Posted by Terence : 12/21/2005 01:43:00 PM

It can be a reasonable strategic decision for a country to raise minimum wages in order to force low wage jobs overseas and to encourage the development of higher wage jobs. Probably in god economies this wil work if it is a bad economy it is likely to at least cause temporary hardship for the poor (ie becoming unemployed).

Problem is - politically - you cant change it up and down all the time.

Posted by Genius : 12/21/2005 06:11:00 PM

Or you guys could just start being honest with yourselves and want to slash wages to 50c an hour and force all low wage workers into sweatshops, effectively bringing back slavery. Thats why we have minimum wages, so we dont have stinking sweatshop hellholes where workers cannot earn enough to eat? Is that what you want??

Posted by Anonymous : 12/21/2005 07:31:00 PM

Terence - are you claiming that the drop in unemployment was related to the raise in minimum wage? I think you'll find if it wasn't, the drop would have been greater.

Besides, claiming NZ unemployment rates as evidence is a bad idea given the rise in people on various other types of benefit, not to mention dubious 'educational' schemes which also drive the rates down.

In fact, you could probably disregard the, what is it, 1/5th of the population who work for the Government? After all, that's just a more rarified form of welfare :-)

Genius - who died & made you God? What right have you, or anyone else, to dictate by force what kind of economy NZ develops? Moreover, what gives you the idea that it's possible to control economic development?

Again, read Ludwig von Mises, who proved that central economic control is in fact impossible, due mostly to the ammount of data involved.

Millsy - mmmm, smell the burning strawman.

Posted by Duncan Bayne : 12/22/2005 10:37:00 AM

duncan, and others interested

The mechanisms for increased employment through higher minimum wages are simple enough.
Poor people spend all their money (and then some), so when you give them more of it to spend it boosts the entire economy equal to the drain it applies.
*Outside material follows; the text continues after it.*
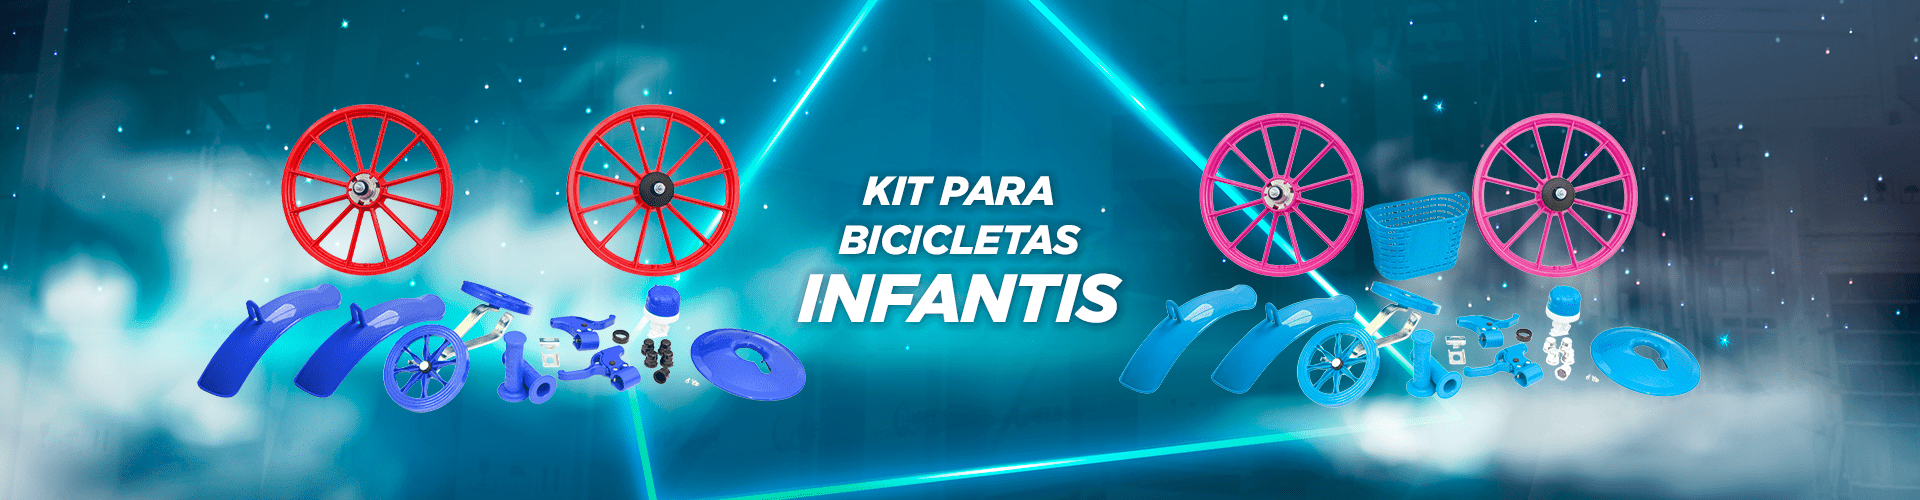 Kit para Bicicletas Infantis

It does hurt low-wage employers relative to others, but that's usually a positive overall.
It doesn't hurt anyone much though, employers of minimum wage earners usually can't function with fewer workers, and are normally only competing directly with other minimum wage employers: overall, no real ability to make layoffs in the first place, and little or no direct competative disadvantage with increased wage costs anyway.

Most importantly, increasing low end wages allow poor people to have proportionately more discretionary spending, icreasing the free flow of money and thus making capitalism work better (assuming it's reasonably free to work it's magic).
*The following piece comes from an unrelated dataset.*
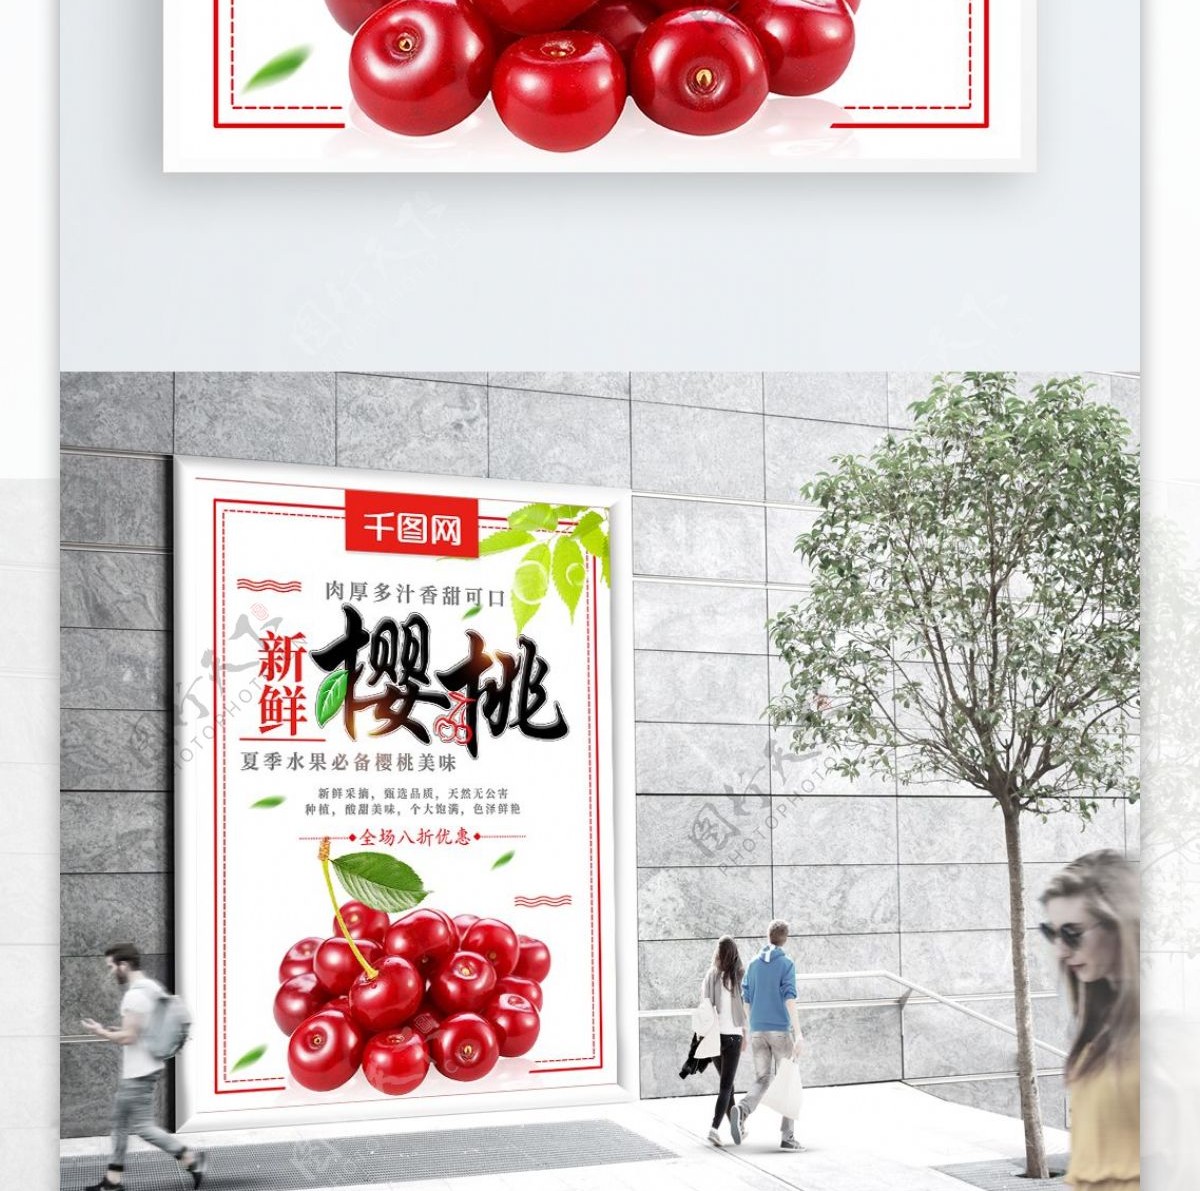 清新新鲜樱桃夏季水果促销海报

As for exporting poverty, as mentioned by Genius, yes, that's rather unfortunate, and pretty much complete here. Perhaps if we had stronger unions or an actual left-wing government they'd have something to say about the import of slave-made goods.

Posted by tussock : 12/22/2005 04:48:00 PM


Hurt some so that others may benefit? Even if you're right about the benefit (and I assert that you are wrong), your position is scarcely moral.

You're still ignoring the fact that (especially in the highly competitive low-margin areas like, say The Warehouse and such), if someone is worth $5 / hour, and the Government makes you pay them $6 / hour, you either have to put prices up (hurting the minimum-wage earners the most, as they're the ones who buy from such places), or not hire the person. You can't have your cake, and eat it too.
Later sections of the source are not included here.